We were curious about what it takes to create a mural in Derby City, so we gave her a call.
Liz said the type of business or project often determines the timeline of the piece, with her work on the Multisensory Public Art for Clifton project — a current work in progress with the Kentucky School for the Blind — set to take about three years to complete. Other works, like her Time Spent With Cats piece on the side of Lucky Cat Cafe & Lounge, take only a few months.
Occasionally Liz will respond to “Calls for Artists,” which organizations put out from time to time, but she said it can be a bit of a double-edged sword — on the one hand, it helps emerging artists get a chance to have their work considered for a big project, but on the other, it asks artists to surrender their ideas for free without necessarily getting the bid.
“It’s important for people to understand that we are contractors and that even though it’s art, there’s a specific process and we are entrepreneurs, too,” Liz said. “There is a need for artists to value their time and for local businesses and organizations to understand the value of an artist’s time and that this is a very special field and that there’s not very many people who can do it.”

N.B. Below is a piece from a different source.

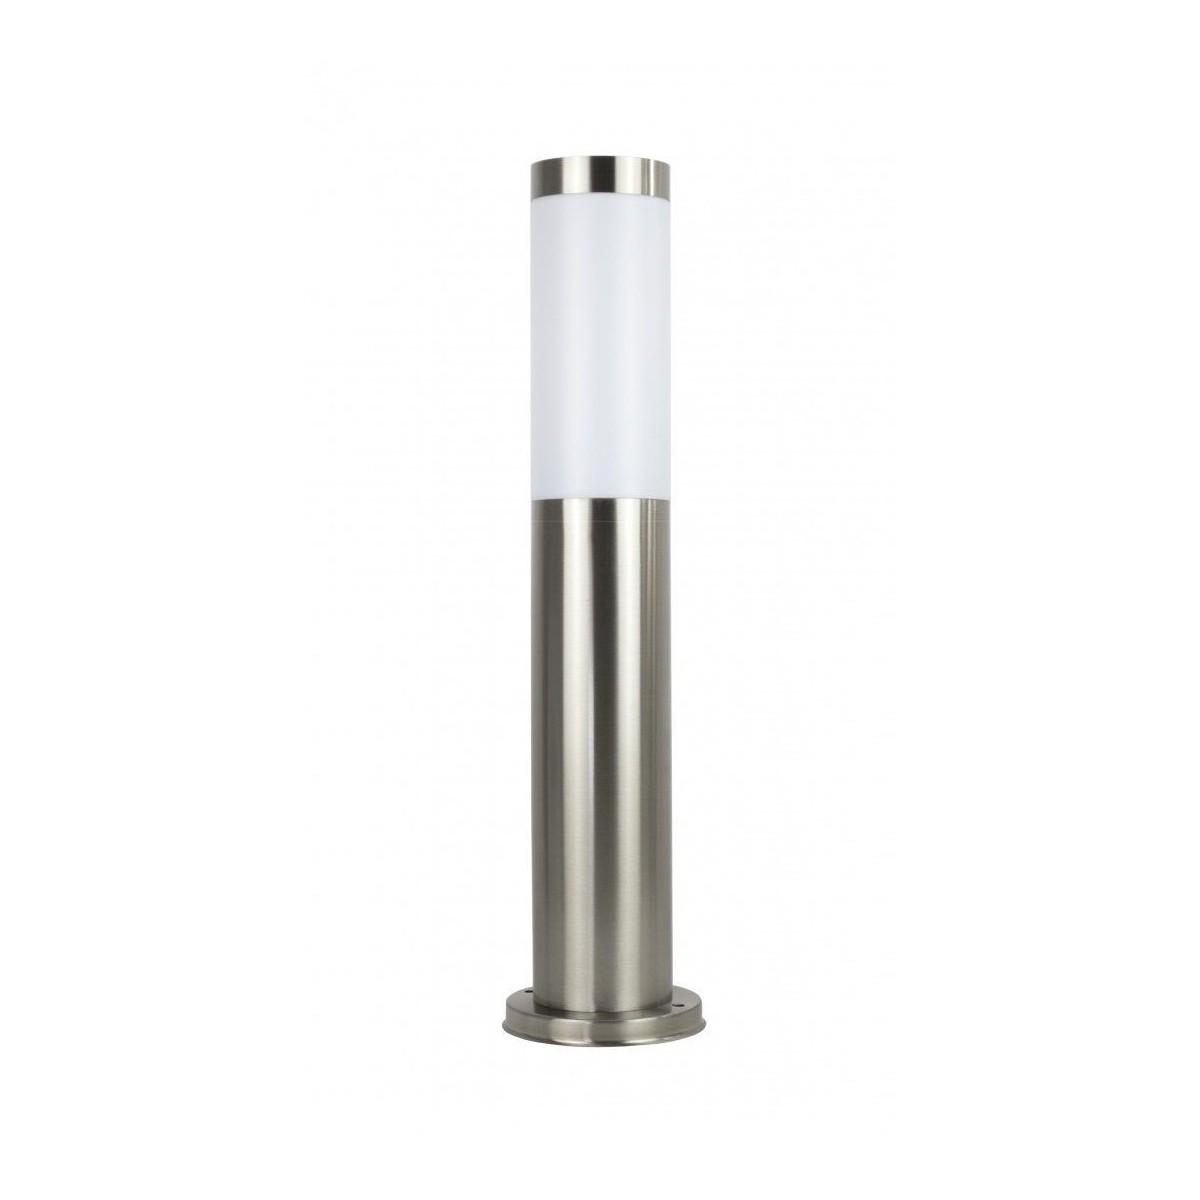 SU-MA Inox ST 022-450 45 cm Stojąca

Some clients — like her NuLu Wildflower piece for Google Fiber — don’t have a definitive brief in mind while others have specific themes they look to highlight. Last summer, Liz did a piece on the backside of the Best Buy in St. Matthews celebrating the history of Louisville’s first drive-in theater, which was established there in the early 1940s.
Nuts and bolts of mural-making in the 502
🎨 Types of clients who commission murals: Commercial business, nonprofit organizations, individuals, local government
🎨 Best time to paint outdoors: Fall, from September-November
🎨 Liz’s ideal time table on a project: 6 months from concept to creation
🎨 Liz’s advice to organizations looking to commission a mural: Reach out to your artist early — like 6 months in advance.
You can catch Liz at her upcoming solo show at Revelry Boutique + Gallery, opening Fri., Aug. 5. She’ll be transforming the nooks and crannies of the gallery to represent her mind. Follow Liz on Instagram for updates.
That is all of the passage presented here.